Proposals

Eclipse Data Analysis Services (Daanse) is an open source software designed to analyze large amounts of data and extract valuable insights from it. With a steady rise of digital data production in business, science and technology, the importance of data analysis has grown tremendously. Data Analysis Services offers a wide range of tools, technologies and expertise to interpret data in meaningful ways and help decision makers formulate strategies and identify patterns and trends. There are several important features of Data Analysis Services: Data cleansing and integration: One of the crucial steps in data analysis is the preparation of the data. Often data are flawed or incomplete. Data Analysis Services helps to clean, transform and bring data into a unified form to enable sound analysis. Data Visualisation: Data can be complex and numbers alone are sometimes not enough to convey information. Data Analysis Services uses visualisation tools to present data in the form of charts, graphs and interactive dashboards. This simplifies the communication of results and insights. Statistical Analysis: Data Analysis Services uses statistical methods and models to analyse data and identify patterns, correlations or significance. This includes descriptives, inferential statistics, regression analysis, time series analysis and more. Business Intelligence: Data Analysis Services helps management to extract business-critical insights that help improve business processes, optimise resources and identify new business opportunities. Big Data Analysis: In a world characterised by huge amounts of data, Big Data analysis is an integral part of Data Analysis Services. Processing and analysing large and complex data sets require specialised tools and technologies.
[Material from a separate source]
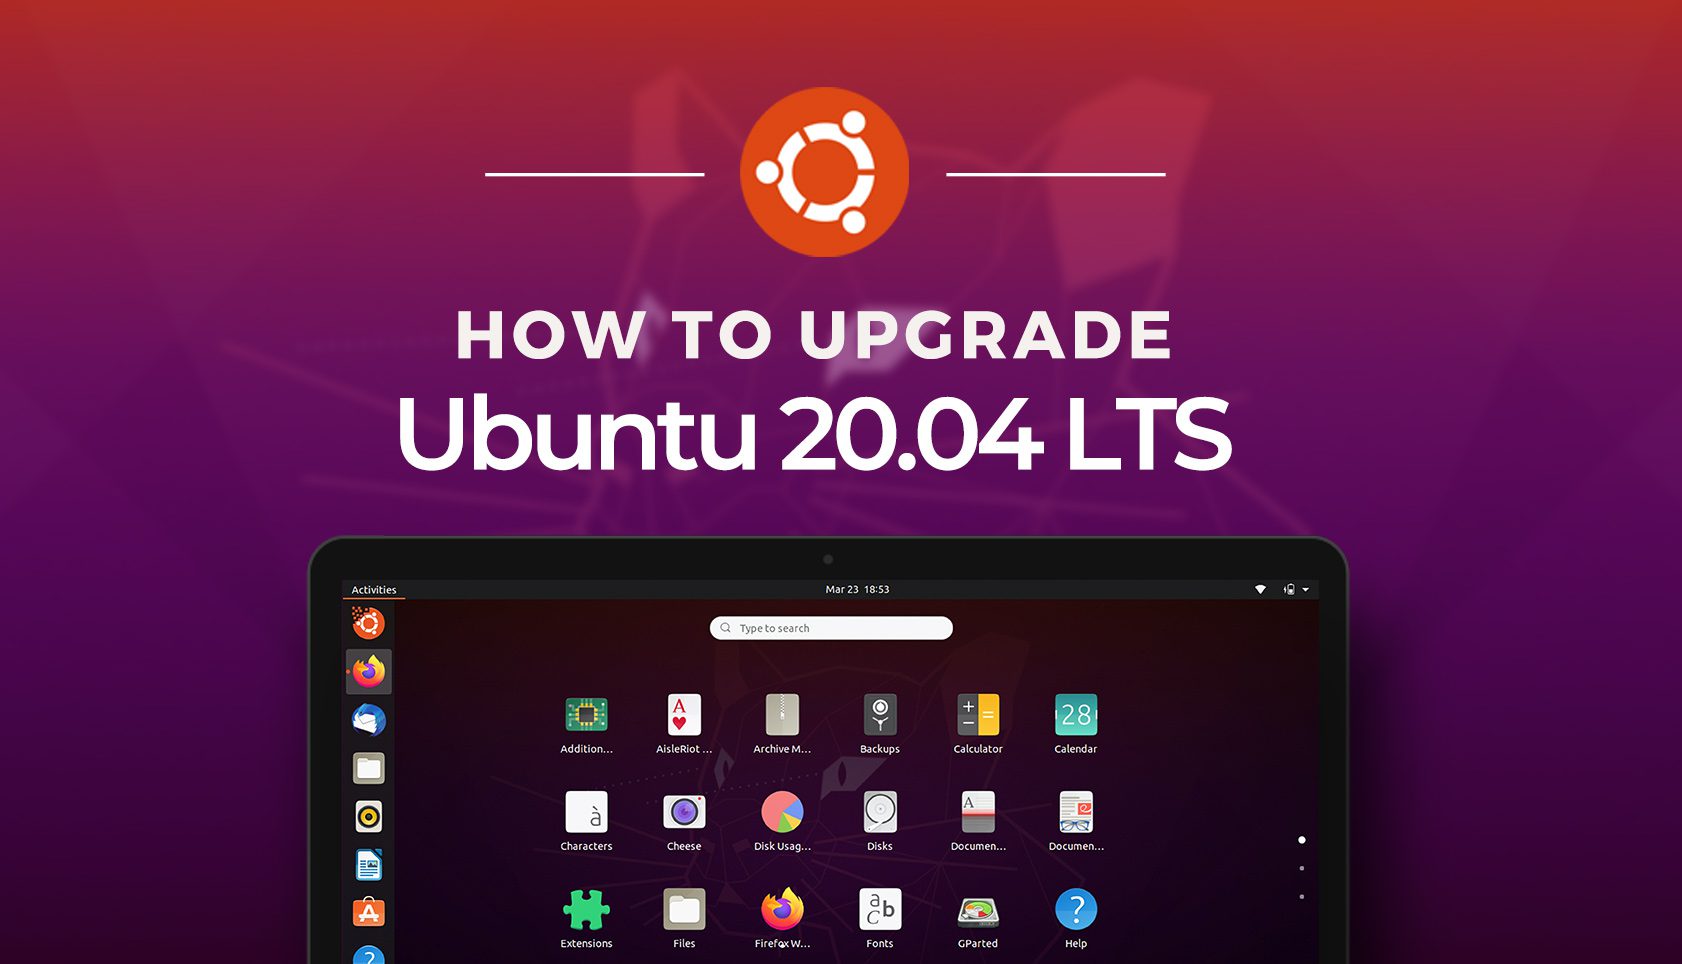 Nâng cấp Ubuntu 18.04 lên Ubuntu 20.04
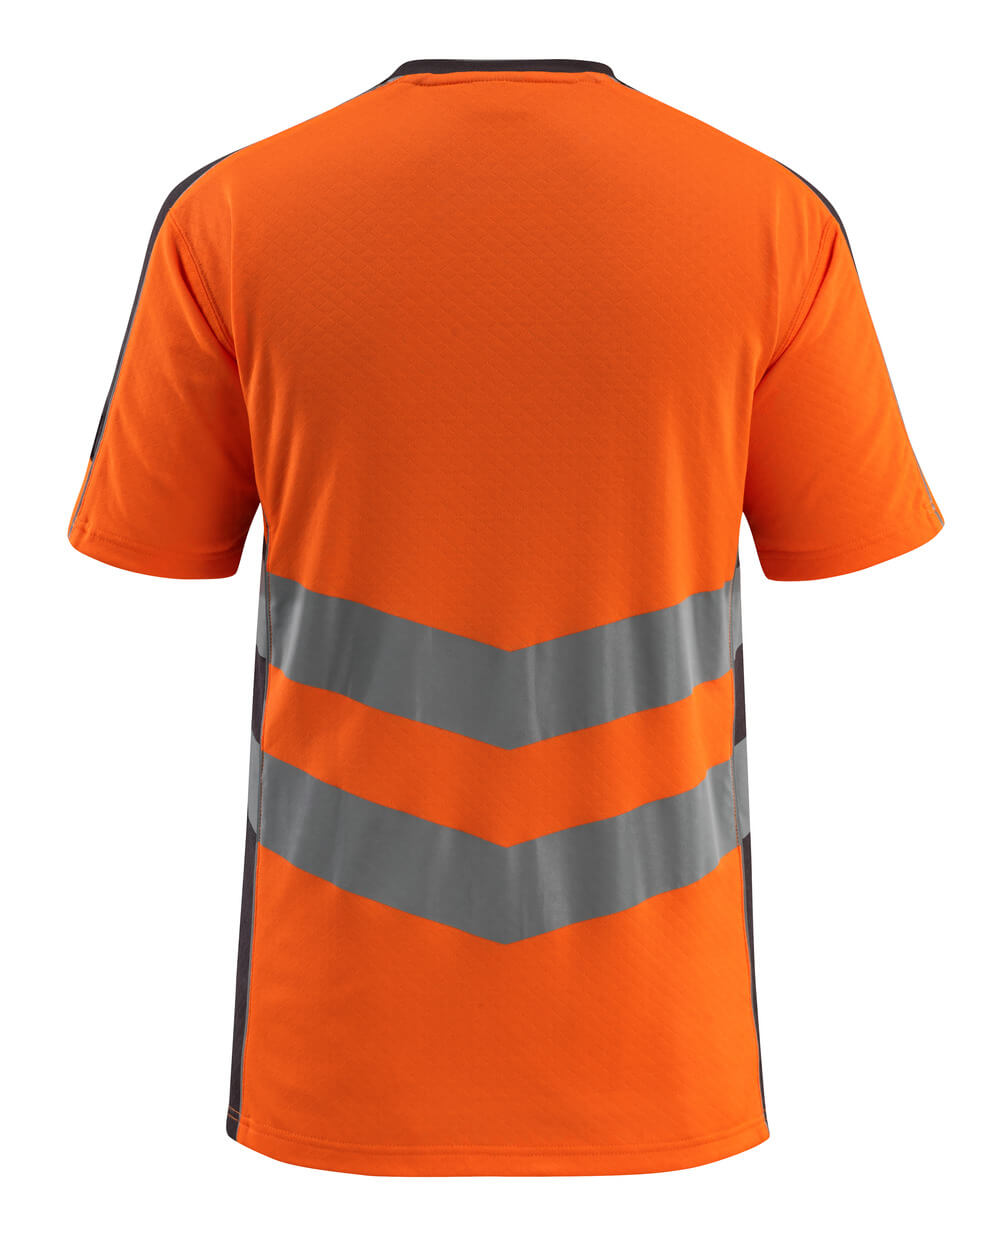 Mascot SAFE SUPREME  Sandwell T-shirt 50127 hi-vis orange/dark anthracite

Eclipse Daanse combines the following technologies to cover different applications scopes:

XMLA (XML for Analysis)

XMLA provides a detailed specification for accessing analytical data sources. This specification describes the structure of XMLA messages and the supported operations for accessing OLAP data sources. The Test and Compatibility Kit (TCK) can be used to check compliance of different implementations with the XMLA specification and to ensure interoperability between systems. Eclipse Daanse offers a Java API via Jakarta XML Bind and flexible customisable SOAP messages.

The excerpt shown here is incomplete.